Beefy Boxes and Bandwidth Generously Provided by pair Networks
P is for Practical
 
PerlMonks  

Re: Re: Re: Re: Re: List::Compare

by tachyon (Chancellor)
on Mar 25, 2004 at 23:36 UTC ( #339908=note: print w/replies, xml ) Need Help??


in reply to Re: Re: Re: Re: List::Compare
in thread List::Compare

Am I missing something or is List::Compare in your context giving you nothing that this code does not? This is probably faster and will use less memory as well.

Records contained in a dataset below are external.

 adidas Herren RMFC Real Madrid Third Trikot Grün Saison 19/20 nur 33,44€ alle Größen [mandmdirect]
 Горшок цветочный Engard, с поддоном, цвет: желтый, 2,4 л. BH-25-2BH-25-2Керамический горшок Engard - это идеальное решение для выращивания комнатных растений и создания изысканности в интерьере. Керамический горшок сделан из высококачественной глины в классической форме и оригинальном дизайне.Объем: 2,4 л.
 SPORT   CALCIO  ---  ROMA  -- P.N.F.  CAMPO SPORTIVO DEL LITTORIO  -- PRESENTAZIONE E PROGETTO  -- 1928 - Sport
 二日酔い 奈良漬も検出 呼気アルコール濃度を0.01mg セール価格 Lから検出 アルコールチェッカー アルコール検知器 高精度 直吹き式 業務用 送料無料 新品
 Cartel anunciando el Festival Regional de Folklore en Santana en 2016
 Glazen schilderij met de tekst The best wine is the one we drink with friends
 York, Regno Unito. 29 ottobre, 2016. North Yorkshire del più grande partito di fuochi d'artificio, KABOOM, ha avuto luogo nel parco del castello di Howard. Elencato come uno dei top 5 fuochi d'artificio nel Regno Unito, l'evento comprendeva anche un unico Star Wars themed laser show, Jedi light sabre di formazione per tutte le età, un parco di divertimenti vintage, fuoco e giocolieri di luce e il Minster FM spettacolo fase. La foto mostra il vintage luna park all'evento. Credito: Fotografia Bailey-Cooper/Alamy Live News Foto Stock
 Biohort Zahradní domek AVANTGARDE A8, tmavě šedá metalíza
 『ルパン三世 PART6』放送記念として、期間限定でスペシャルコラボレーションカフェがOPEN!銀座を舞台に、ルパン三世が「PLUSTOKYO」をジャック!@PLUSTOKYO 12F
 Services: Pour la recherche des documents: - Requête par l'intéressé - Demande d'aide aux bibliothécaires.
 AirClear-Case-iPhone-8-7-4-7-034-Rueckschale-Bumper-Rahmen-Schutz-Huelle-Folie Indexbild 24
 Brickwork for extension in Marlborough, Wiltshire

my @ary1 = ( 1..10 ); my @ary2 = ( 5..15 ); my %h; $h{$_}++ for ( @ary1, @ary2 ); unique( "Only in ary1", \@ary1, \%h ); unique( "Only in ary2", \@ary2, \%h ); common( "Common to ary1 and ary2", \%h ); sub unique { my ( $text, $ary, $hash ) = @_; print $text, $/; do{ print "$_\n" unless $hash->{$_} == 2} for @$ary; } sub common { my ( $text, $hash ) = @_; print $text, $/; do{ print "$_\n" if $hash->{$_} == 2} for keys %$hash }

cheers

tachyon

Replies are listed 'Best First'.
Re: alternative to List::Compare
by graff (Chancellor) on Mar 26, 2004 at 04:32 UTC
    I agree with your point -- this might be one of those modules that just "objectifies" something that's already pretty simple (so why bother?). Your alternative is a common, simple approach that is bound to be appropriate for the reviewer's main example -- comparing the output of "find" from two different machines -- because there won't be any duplications within a single set. But of course if one element happens to appear more than once in a single list, you get a false report about it being in both lists. This is easy to fix (in fact, fixing it makes the code simpler):
    my @ary1 = qw/1 2 3 4 5 4 6/; my @ary2 = qw/5 6 7 8 7 9 10/; my %h; $h{$_} .= "a" for ( @ary1 ); $h{$_} .= "b" for ( @ary2 ); compare( "Only in ary1", "a\$", \%h ); compare( "Only in ary2", "^b", \%h ); compare( "Common to both", "ab", \%h ); sub compare { my ( $text, $regex, $hash ) = @_; print join "\n", $text, grep { $$hash{$_} =~ /$regex/ } keys %$has +h; print "\n"; }
      graff and tachyon:

      Thanks for the demonstrations. As I mentioned in the review, I'm not entirely comfortable manipulating hashes yet-- and as graff points out succinctly, a small slip can give odd results that are hard to find. (This, BTW, is why I'm spending time at perlmonks-- I'm at the point where I know enough Perl to *really* screw stuff up if I don't understand what I'm doing-- I need to read other people's code as much as I can.)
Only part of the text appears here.